A mental model for on-demand pricing

2023-05-07

Background

Cost optimization is a constant concern in cloud architecture. Cloud vendors often obfuscate costs or frame costs in unhelpful ways. Changing the way you think about cloud computing costs can be a really helpful way towards getting your bill under control. In this post I discuss a strategy for deciding how many instances to reserve when auto-scaling.

Escape marketing the narratives

The first trick cloud marketers pulled off was to get everyone thinking about computing costs using the on-demand pricing as a baseline. This lets them frame reserved instances as a discount or a savings; they are giving you a deal!

Avoid this style of thinking.

Let's look at some pricing examples.

Prices from Vantage's EC2 Instance Comparison tool. EC2 instances running Linux in us-east-2 (Ohio), monthly cost. Reserved costs are "no upfront" for one year. Actual prices subject to change. Excluding EBS, data transfer, and other expected costs.

Type	GiB RAM	#vCPU	On-Demand	Reserved	Savings
t4g.nano	0.5	2	$3.07	$1.90	62%
t3.small	2	2	$15.18	$9.49	63%
t3.medium	4	2	$30.37	$19.05	63%
c5.4xlarge	32	16	$496.40	$312.44	63%
i3.xlarge	30.5	4	$227.76	$156.22	69%
i2.xlarge	30.5	4	$622.69	$309.52	50%

Framing the pricing this way tends to make on-demand the default choice. It looks like you have the option to save money, if you can predict your usage and reserve your instances.

However, if I flip the narrative to make reserved the baseline, this changes:

Type	GiB RAM	#vCPU	Reserved	On-Demand	Markup
t4g.nano	0.5	2	$1.90	$3.07	1.6
t3.small	2	2	$9.49	$15.18	1.6
t3.medium	4	2	$19.05	$30.37	1.6
c5.4xlarge	32	16	$312.44	$496.40	1.6
i3.xlarge	30.5	4	$156.22	$227.76	1.5
i2.xlarge	30.5	4	$309.52	$622.69	2.0

Now I'm thinking, "Ouch those on-demand instances are pricey!" I'd need to justify paying a premium over the "default" option of a reserved instance. If I can't predict my usage, then I'm going to pay a premium.

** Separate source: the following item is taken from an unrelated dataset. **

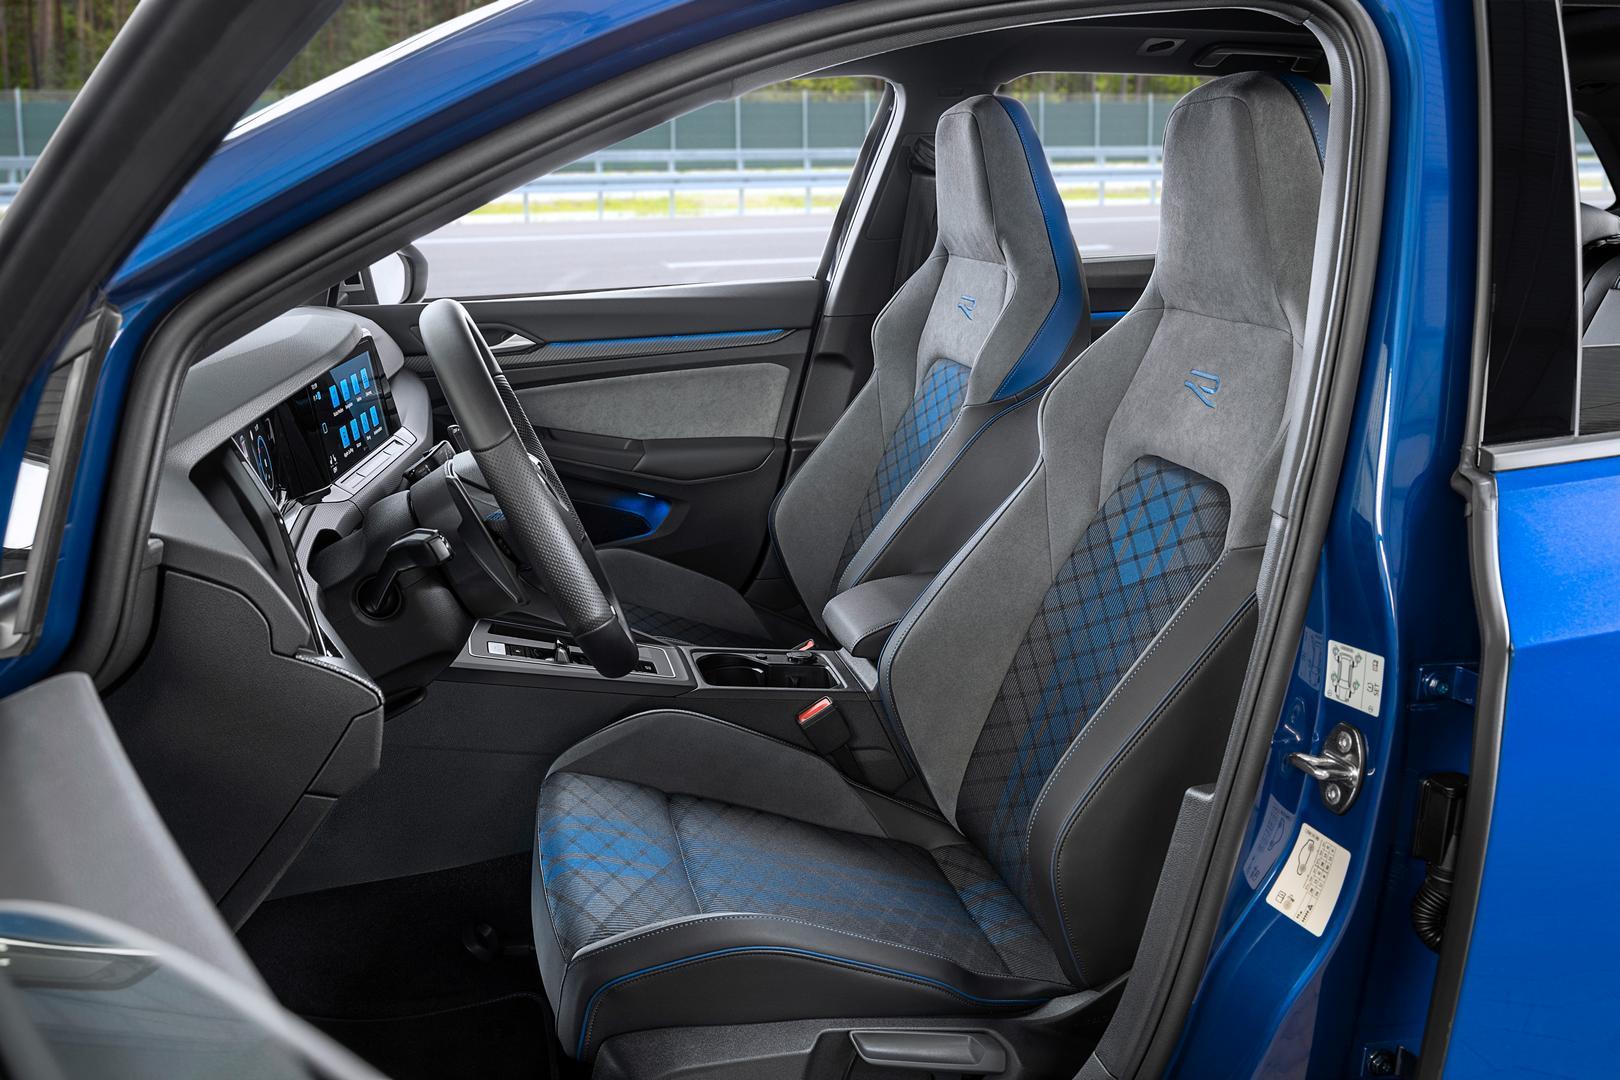 VW Golf 8 R Estate seats

Is this mental model better? No, not really. It's just another way marketing can frame prices to stir up emotions. Let's find a better model.

Fixed percent markup

About 92% of the EC2 instances available show an on-demand markup between 1.5x and 1.7x. The mean and median markup is 1.6x. I'm not certain why AWS uses this number. It could be based on utilization rates, desired profit margins, or an artifact of financial risk management. Whatever the cause, knowing this "constant" can greatly speed up thinking about cost optimizations.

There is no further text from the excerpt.